PROMPT:
Give back the full listing exactly, setting the pictures aside.

DATASET CONTENT:
..............................
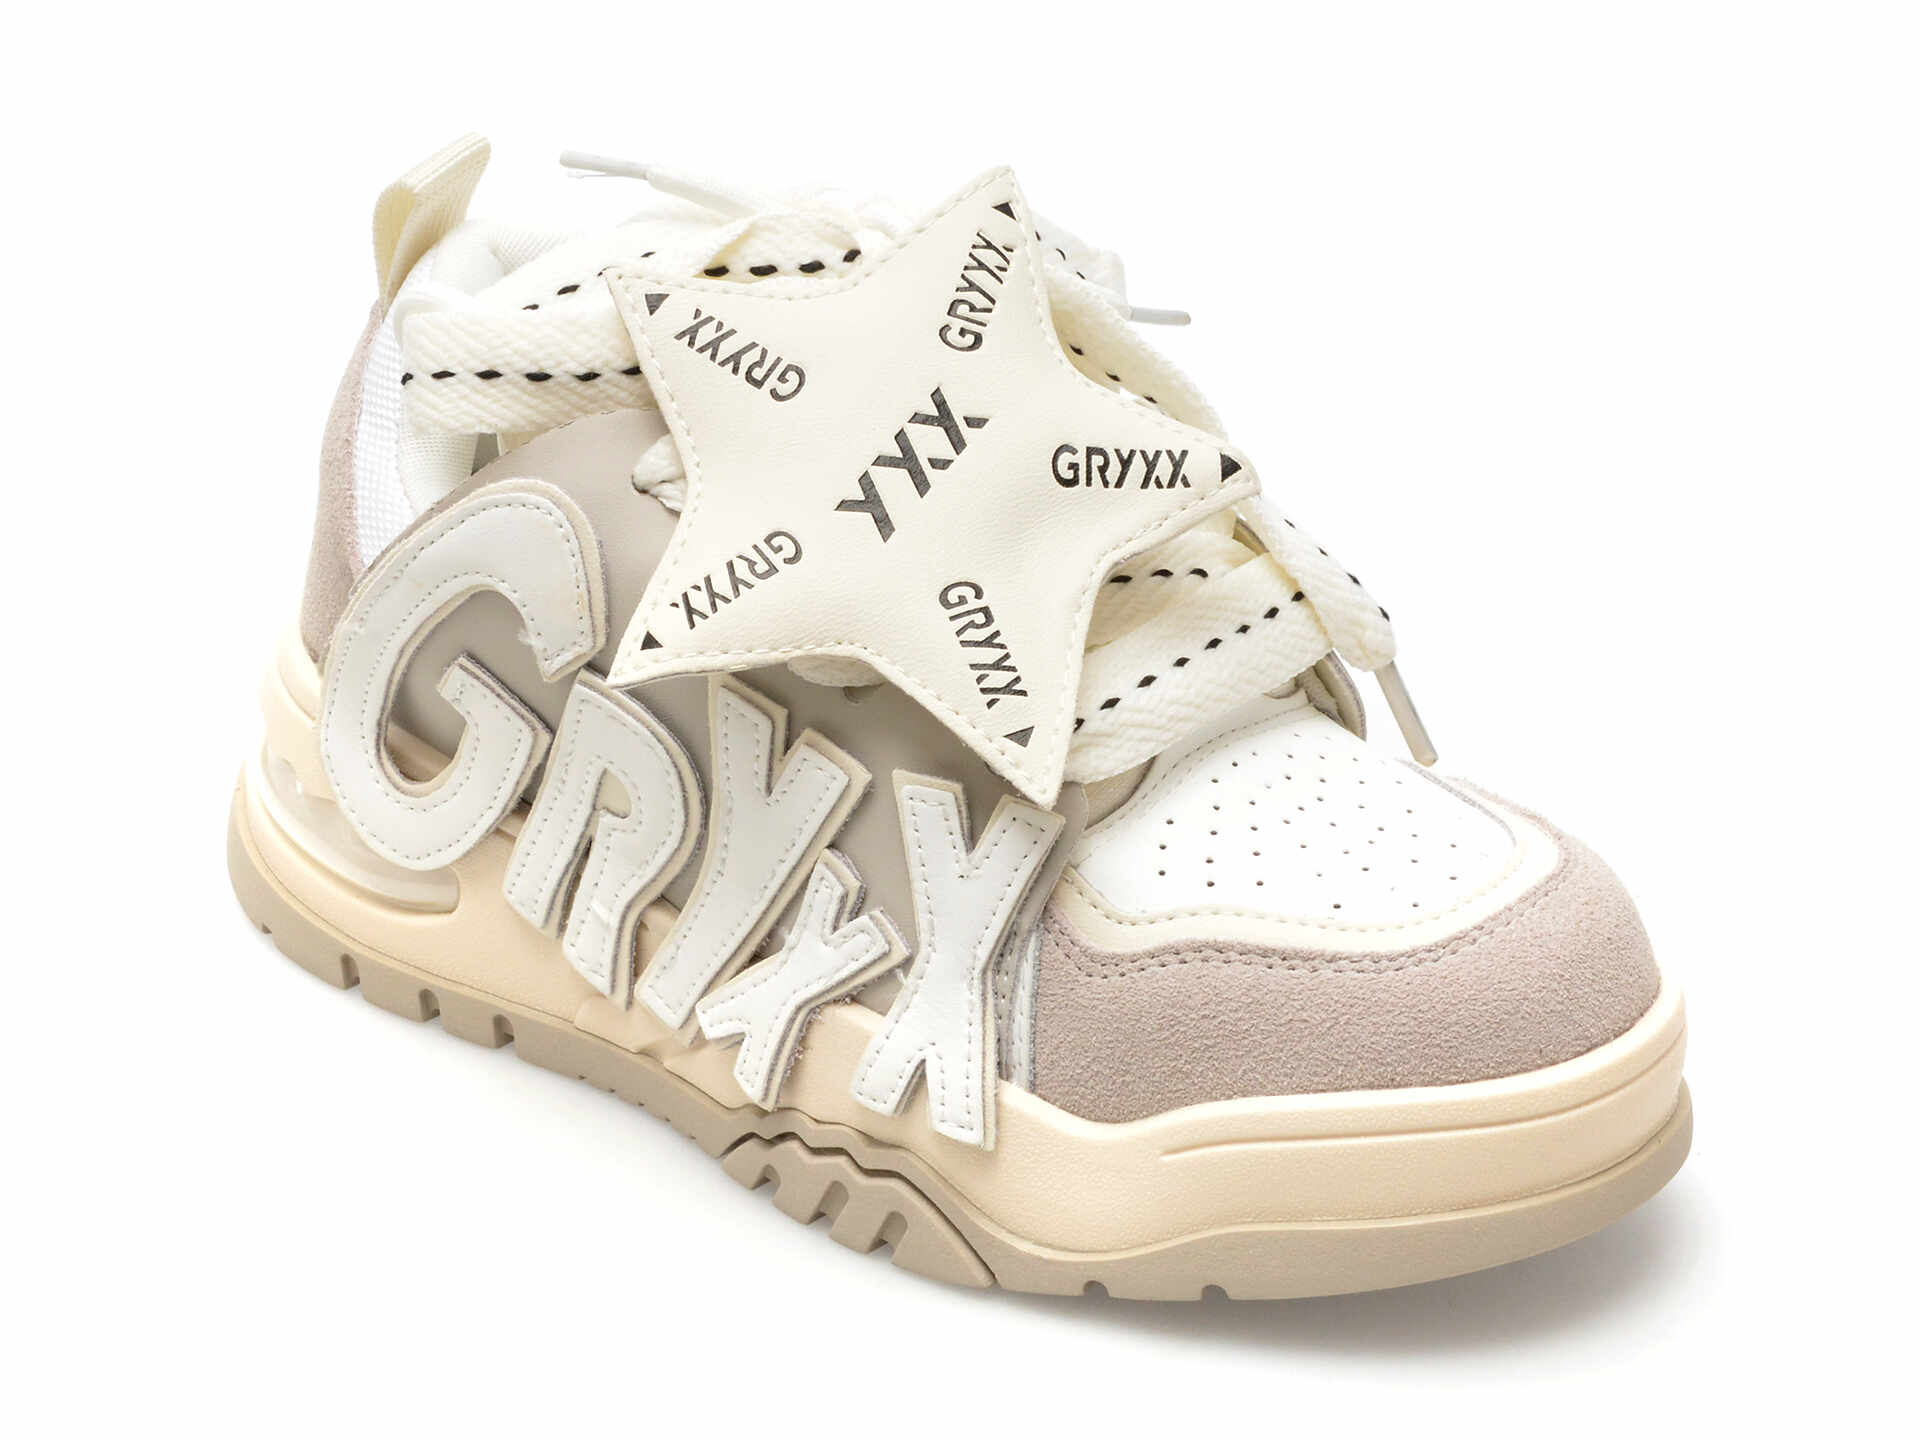 Pantofi GRYXX albi, 19616, din piele naturala
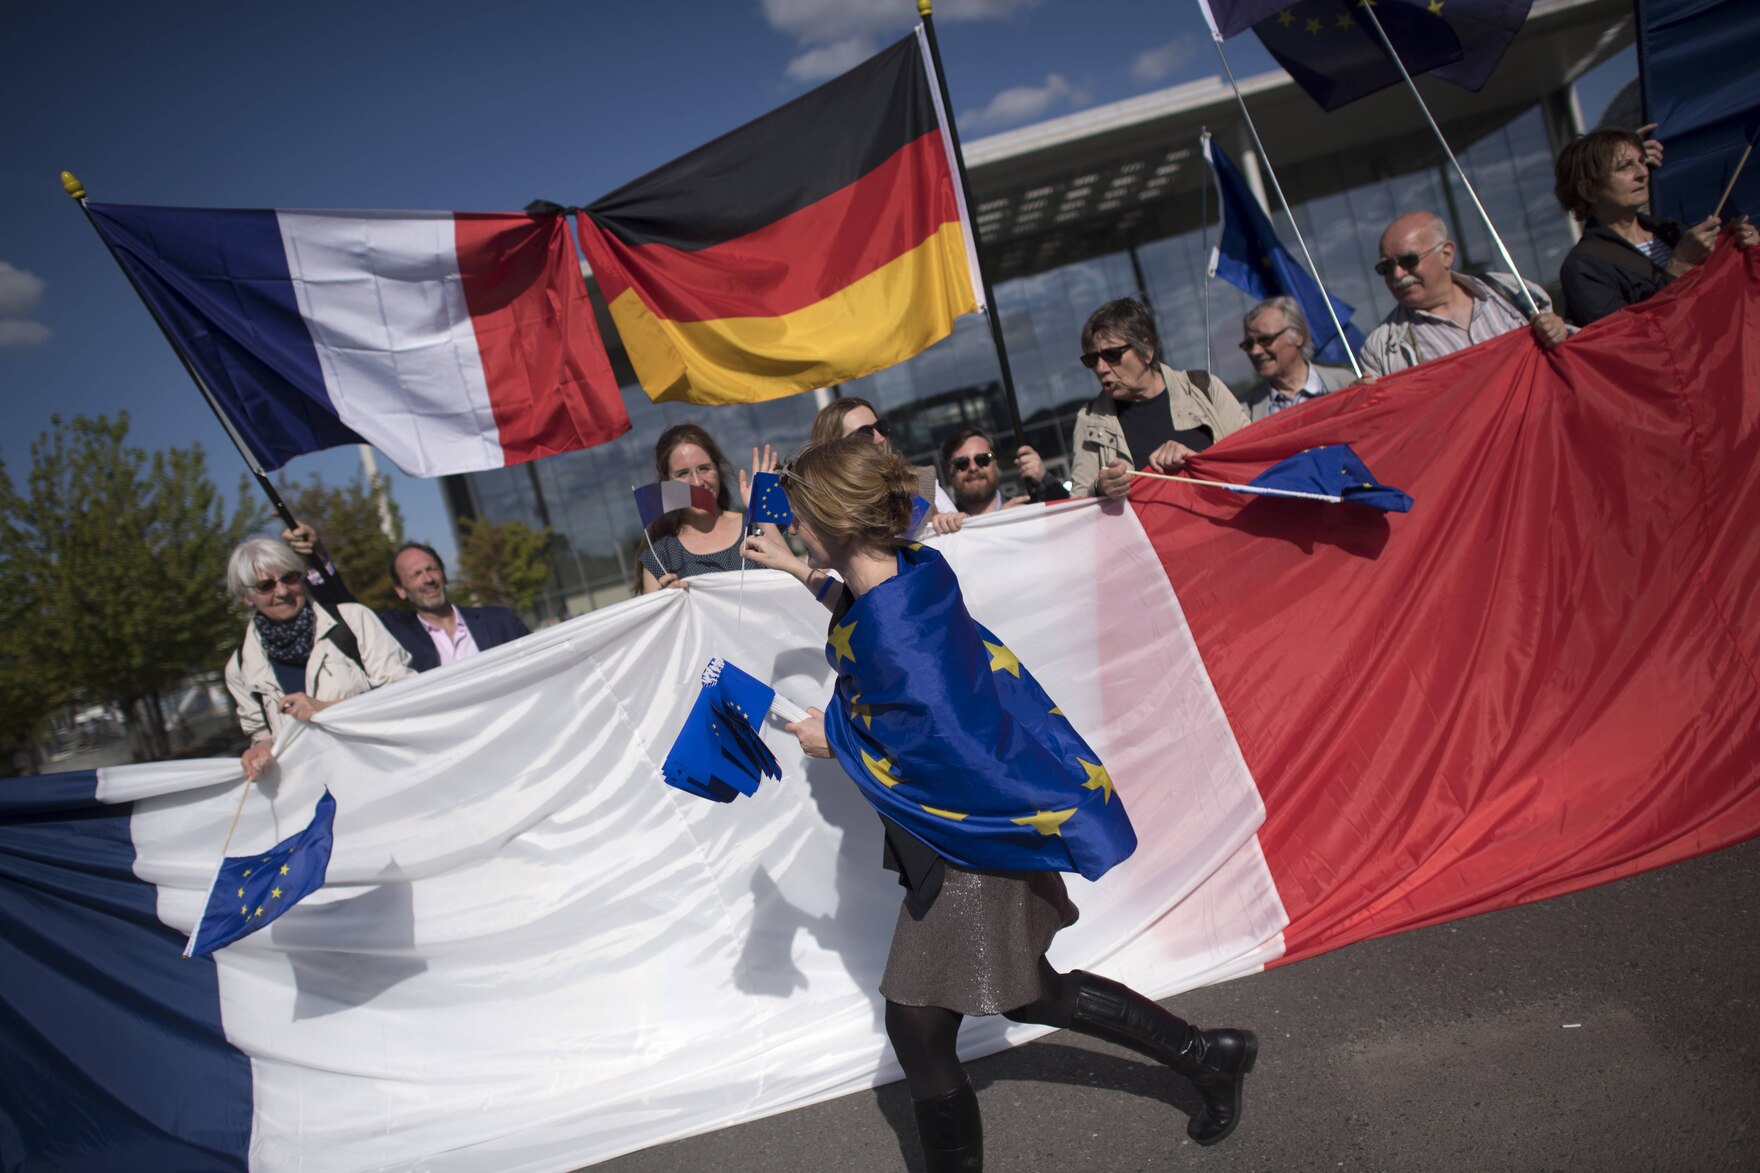 Menschen mit Fahnen in den Farben von Frankreich, Deutschland und der EU 
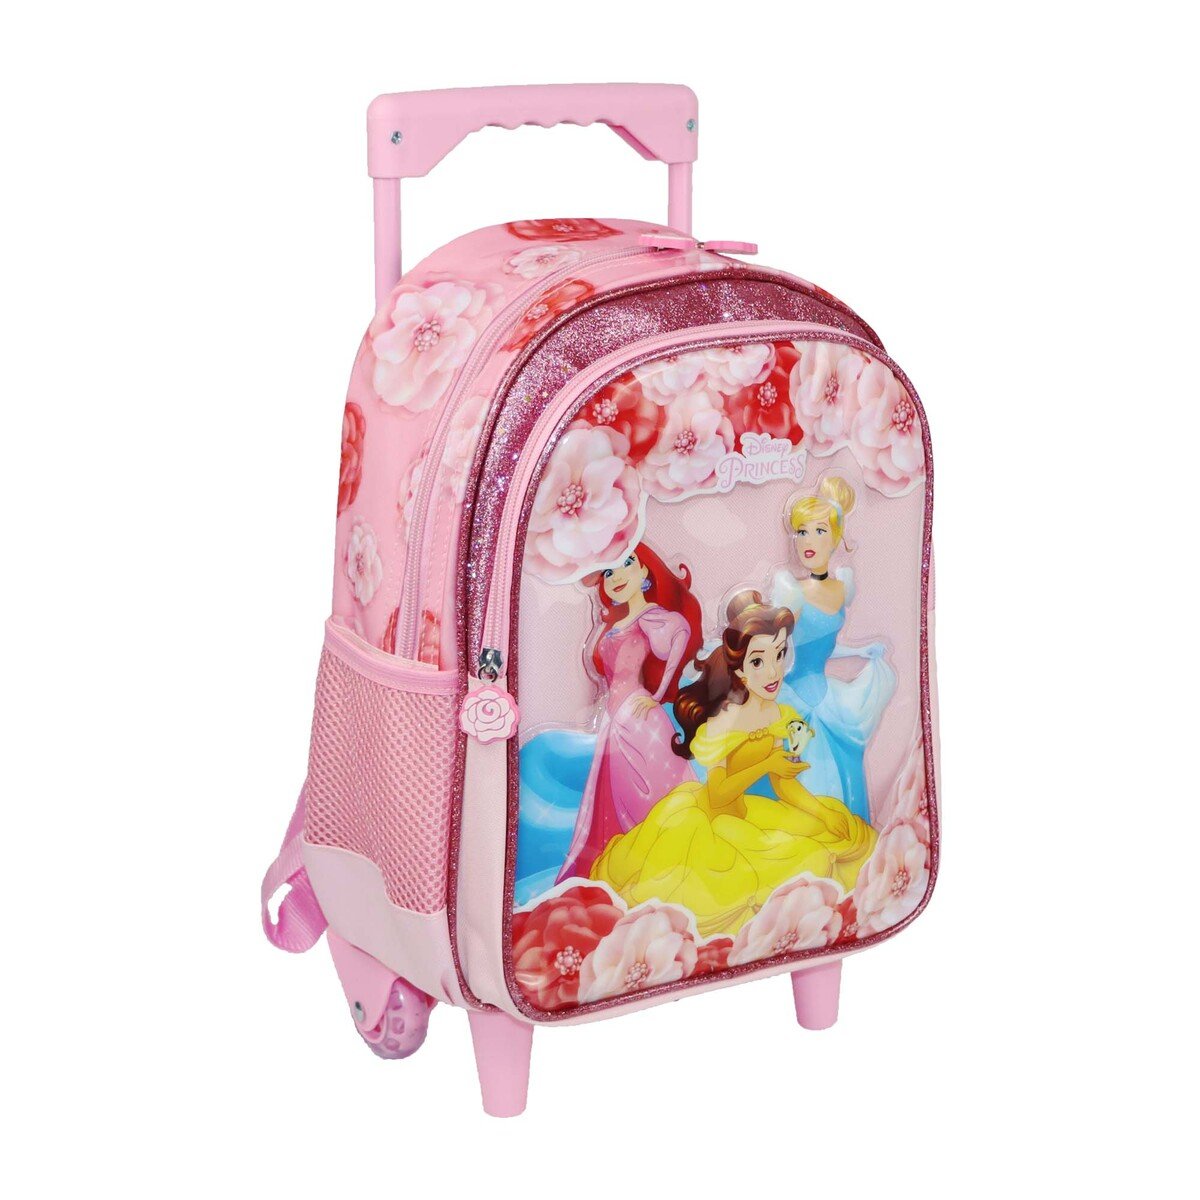 Princess School Trolley Bag 6899200232 13inch
..............................
EXERCISE OUTPUT:
 Pantofi GRYXX albi, 19616, din piele naturala
 Menschen mit Fahnen in den Farben von Frankreich, Deutschland und der EU 
 Princess School Trolley Bag 6899200232 13inch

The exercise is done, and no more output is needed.